The product has a simple rule: physical feasibility comes before economics. A battery cannot discharge below its minimum state of charge. A building load cannot curtail past its comfort limit. A flat-rate tariff cannot justify peak curtailment because there is no peak signal to respond to. Those are business truths encoded as code.

That rule exists because energy planning has a dangerous temptation: collapse every problem into money. If the demand charge is high enough, the spreadsheet always finds a saving. Real facilities do not work that way. Operators know some processes cannot move, some comfort limits cannot bend, and some battery cycles are not worth spending for a small peak reduction. The planner has to encode that judgment before it calculates expected savings.

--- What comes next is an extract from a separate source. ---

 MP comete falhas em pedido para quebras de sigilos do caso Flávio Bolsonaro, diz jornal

The bug came from treating stale forecasts like another physical constraint.

In a real infeasible window, do_nothing is useful. If every battery is depleted, every comfort limit blocks curtailment, and every flexible process is already at its limit, doing nothing is a valid operational recommendation. It tells the operator: the engine understood the window and found no feasible savings-positive action.

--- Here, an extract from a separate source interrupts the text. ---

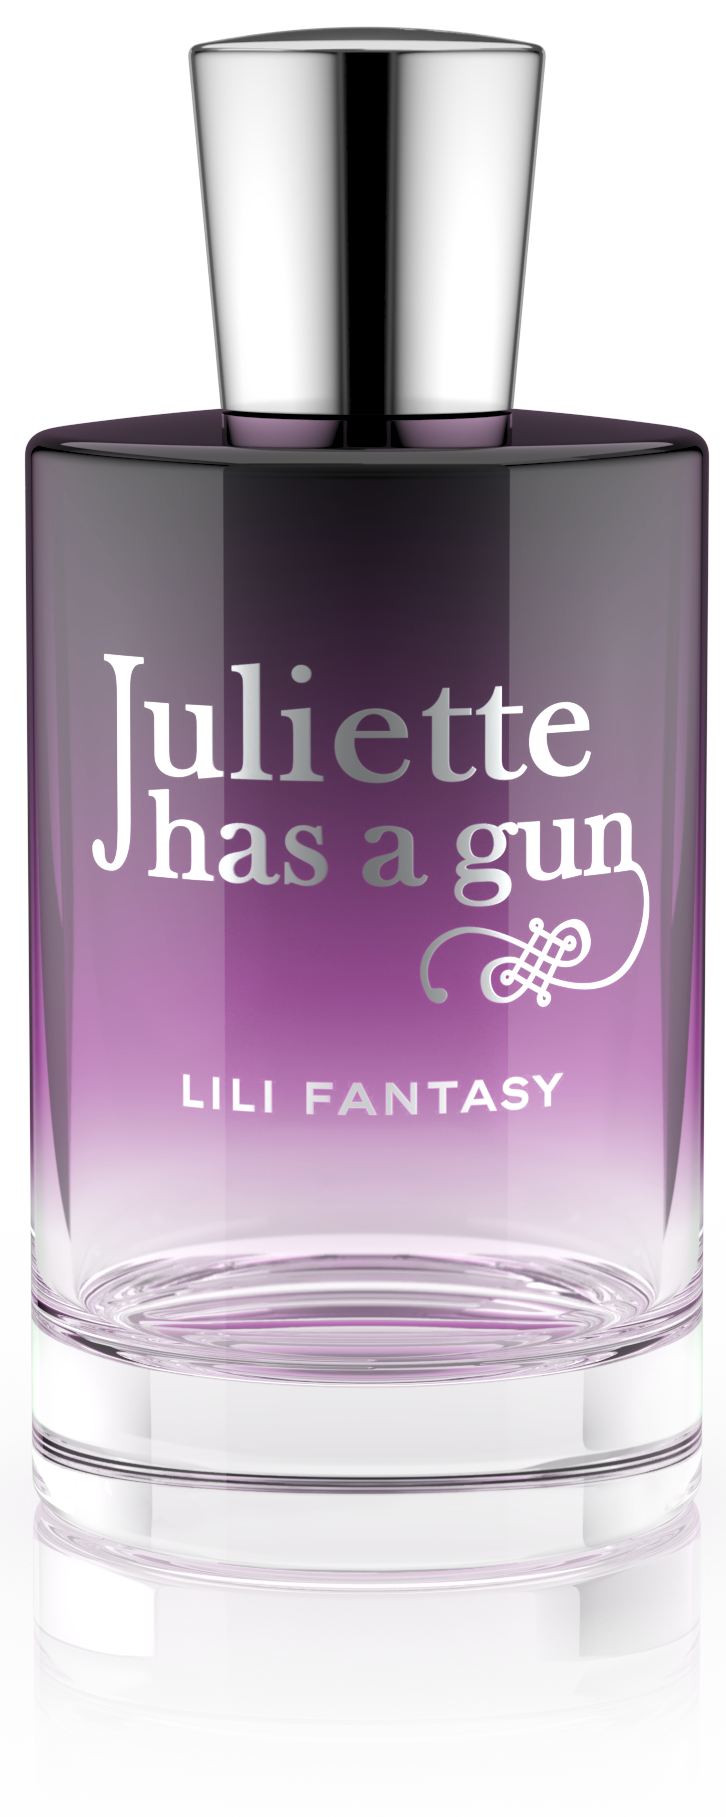 Juliette has a gun Lili Fantasy Eau de Parfum

A stale forecast is different. It means the engine did not have permission to reason about the window at all. The input is invalid. The correct output is a failed plan with an explicit reason.

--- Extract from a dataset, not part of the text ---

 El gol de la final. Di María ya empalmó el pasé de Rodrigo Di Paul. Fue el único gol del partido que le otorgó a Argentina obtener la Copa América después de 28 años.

I got that boundary wrong in the first implementation.

The code had all the pieces in separate places. createPlan detected stale forecasts. generateCurtailmentPlan recorded a stale-forecast rejection. But the bottom of the planner had a broad fallback: if no selected actions exist, add do_nothing. That line was written for infeasible windows, not invalid input, but it had no way to know the difference.

The fix looks small because the hard part was naming the boundary.

Batch 009 had already moved the planner away from fake input. Forecast creation loads qualified interval readings from the database. Plans check that the selected forecast and tariff belong to the requested site. The selected band travels as forecastBandKw, and the action payload records both confidence_band and forecast_band_driver. Those pieces made the failure more embarrassing, not less. The system had evidence discipline at the edges, then lost it in one central fallback.

const staleForecastFailureReason* = "stale forecast cannot be used for a new plan without explicit override"

proc planStatusForDecision*(decision: PlannerDecision; stale: bool): (string, string) =
  if stale: ("failed", staleForecastFailureReason)
  elif decision.selectedActions.len > 0: ("ready", "")
  else: ("failed", "no feasible planner action")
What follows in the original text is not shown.